CBP already collects photographs on arrival at most airports, but exit coverage has remained patchy— limited primarily to select terminals where airlines volunteered gate-area space. By extending the program nationwide and eliminating exemptions for children under 14 and seniors over 79, DHS says it can close longstanding security gaps, better detect identity fraud and more accurately measure visa overstays. Officials estimate the rule will add fewer than 20 seconds to the average departure inspection and will cost carriers little because CBP will supply or finance the camera equipment.

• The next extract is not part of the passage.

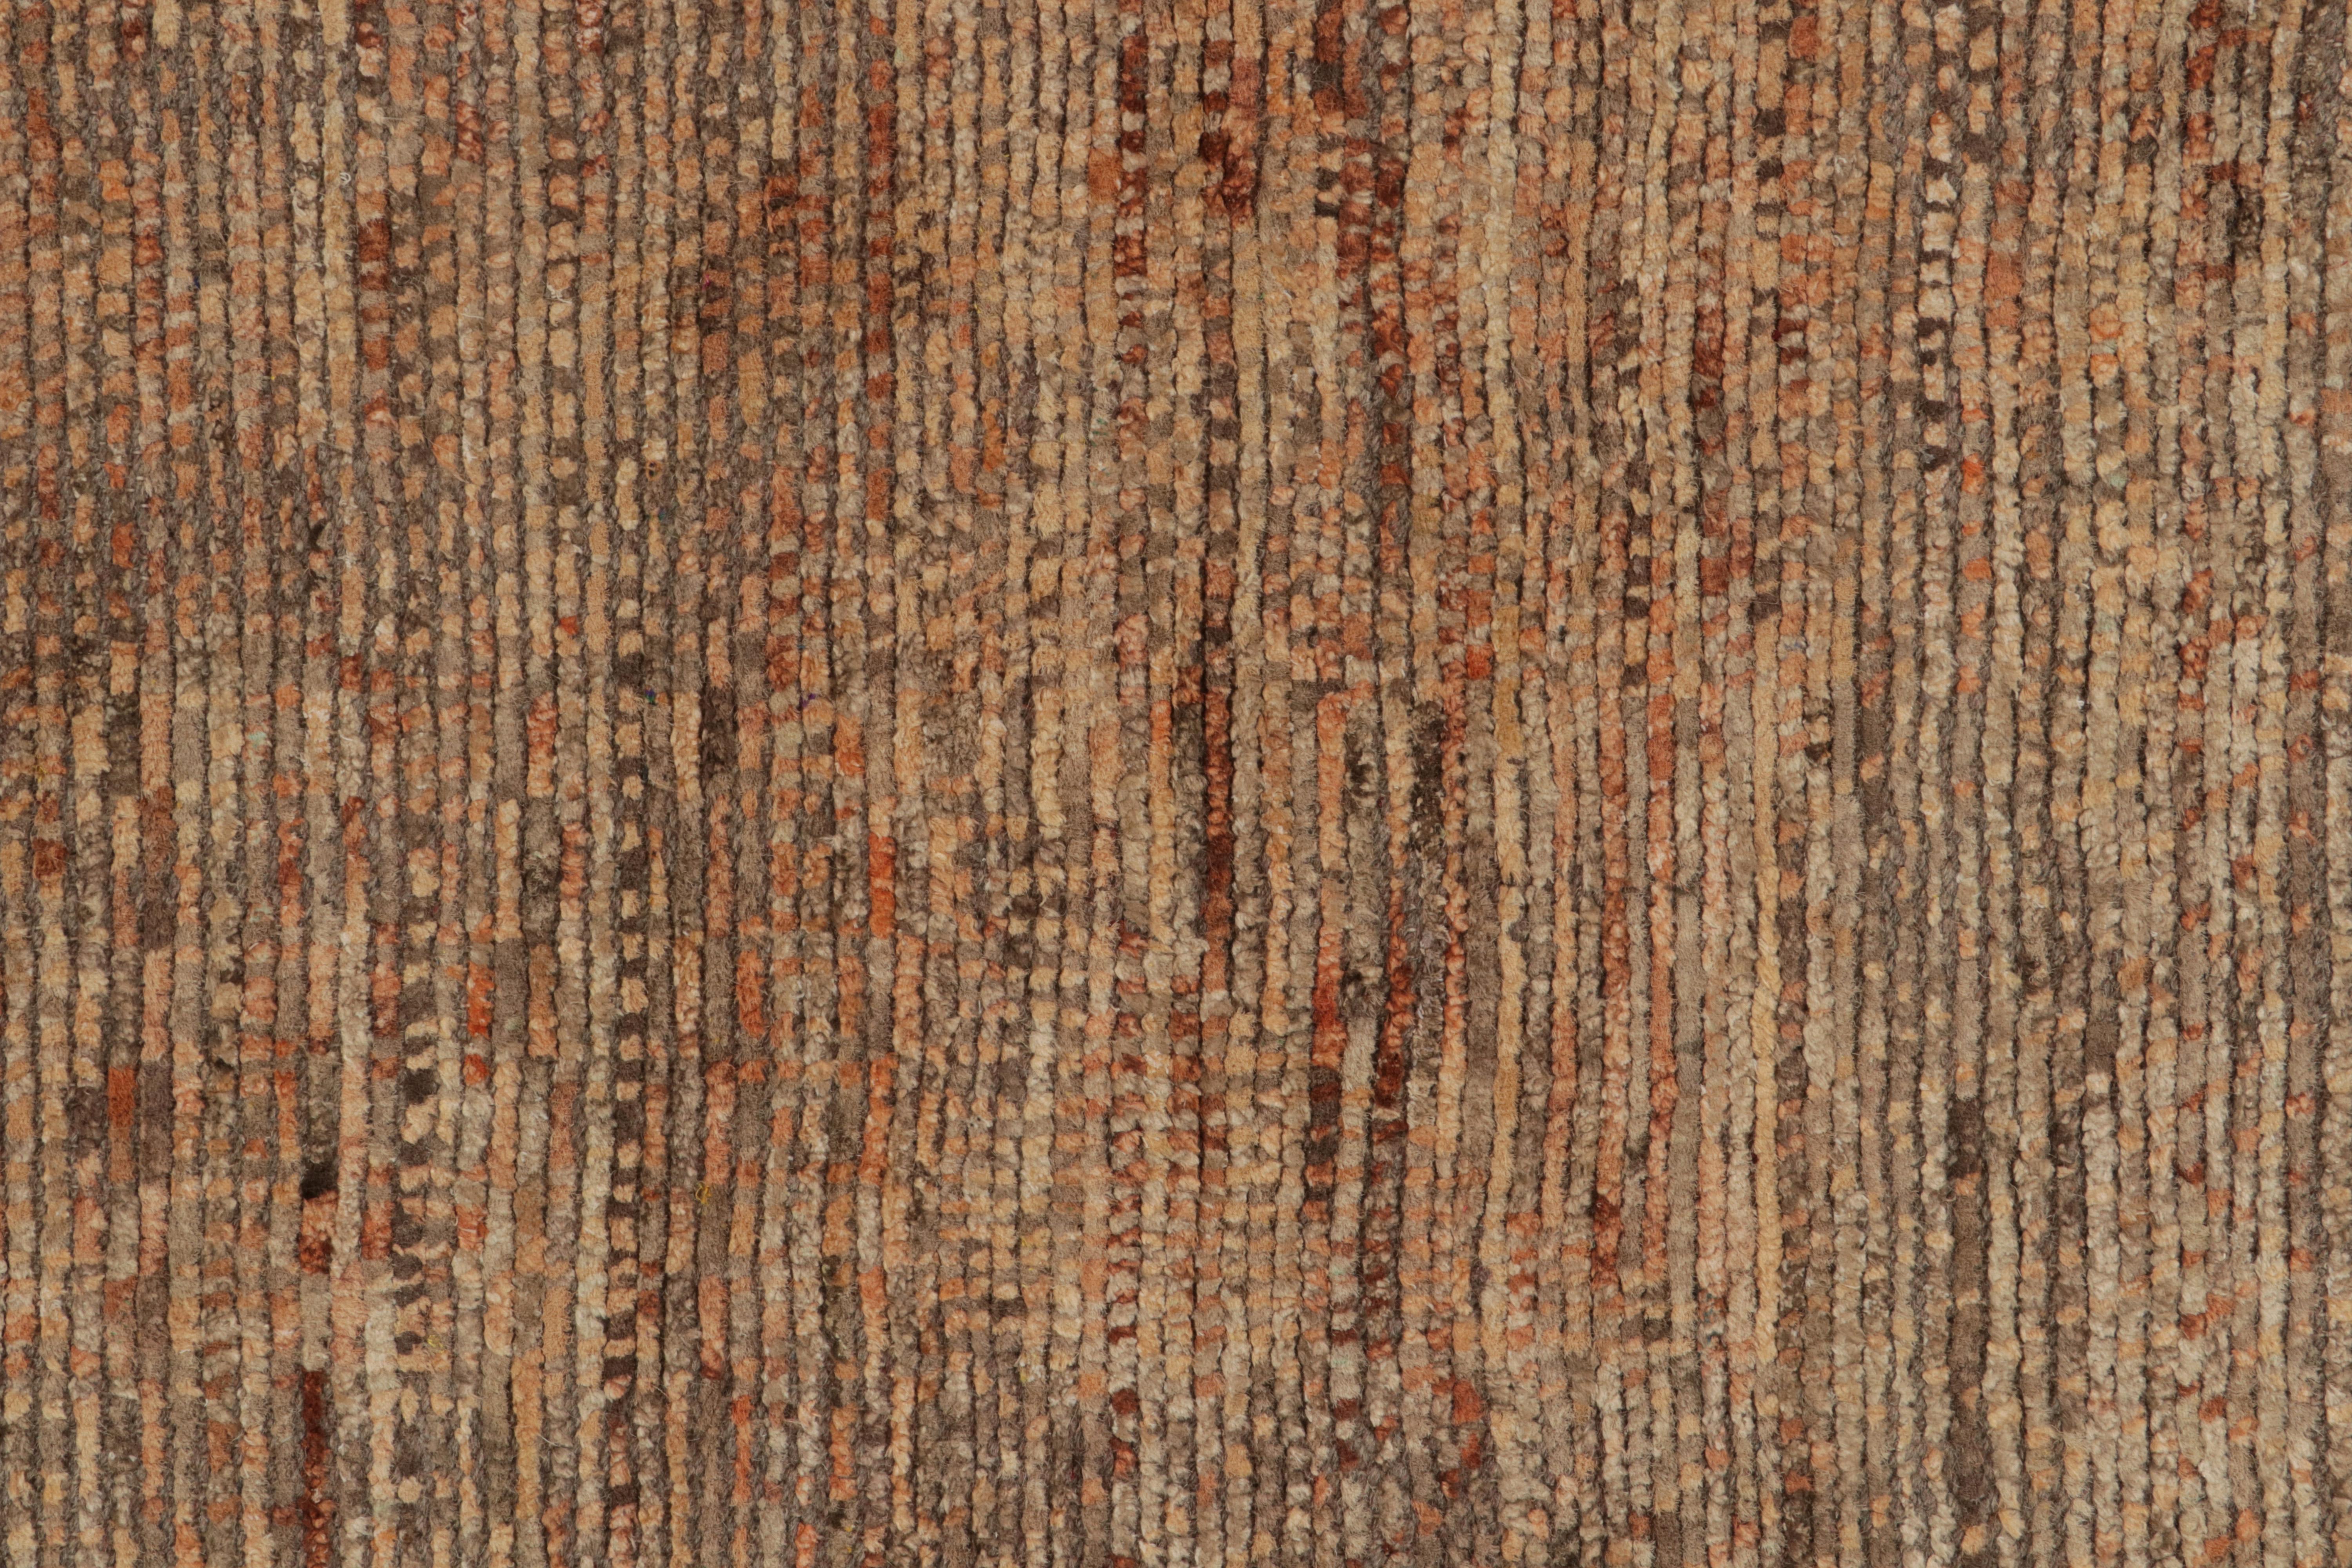 Rug & Kilim’s Modern Textural Rug in Beige-Brown and Orange Striae Patterns For Sale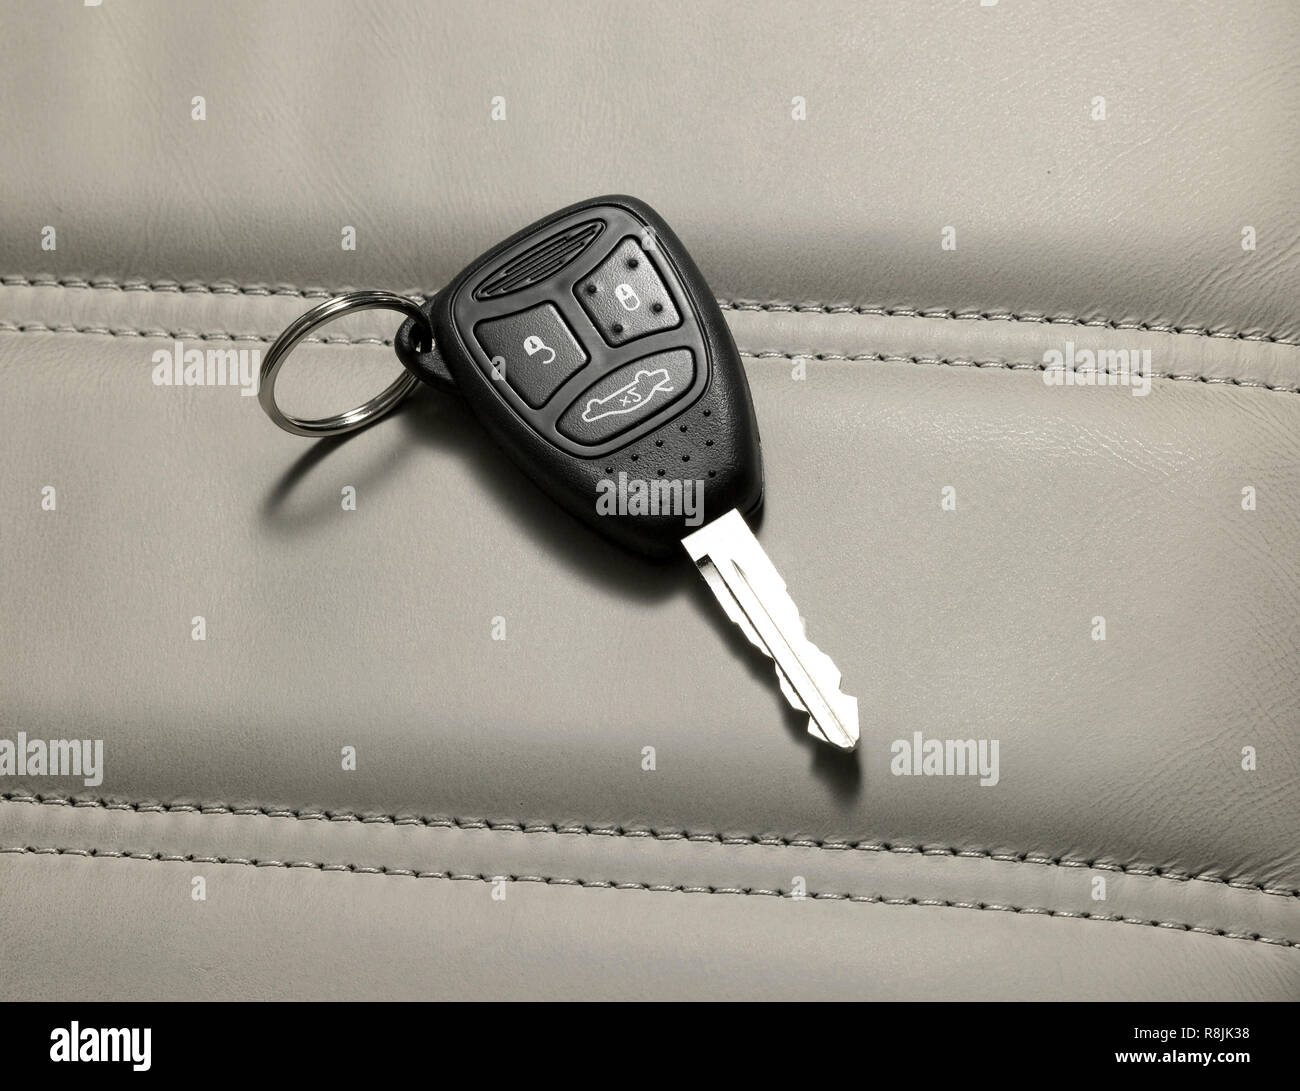 Car Keys on Leather seats Stock Photo

For corporations that routinely move foreign talent in and out of the United States, the change means every non-citizen employee— even green-card holders—will leave a facial record each time they travel. Global mobility managers will need to review assignment agreements and privacy notices, especially for EU employees protected by the General Data Protection Regulation. Companies that stagger rotations through busy holiday periods should also brace for potential congestion during the initial rollout as officers and airlines troubleshoot new scanners.

The privacy community is already signaling litigation. Advocates argue the rule exceeds DHS’s statutory authority over lawful permanent residents and risks racial-bias errors inherent in face-matching algorithms. CBP counters that images will ordinarily be deleted within 12 hours unless flagged for enforcement matches, and says it is pursuing independent accuracy audits. Regardless of court challenges, employers should prepare assignees by updating travel FAQs, reminding staff that refusal to be photographed could trigger secondary inspection, and suggesting extra connection time at land crossings, where infrastructure remains rudimentary.

In the longer run, global companies may see benefits. A consistent exit record will make it easier to prove maintenance of L-1, O-1 or E-2 status and to document brief trips abroad for green-card residence calculations. The data will also feed DHS’s overstays report, which shapes future visa-waiver eligibility— a critical factor for business visitors from Europe, Japan and, newly, Romania.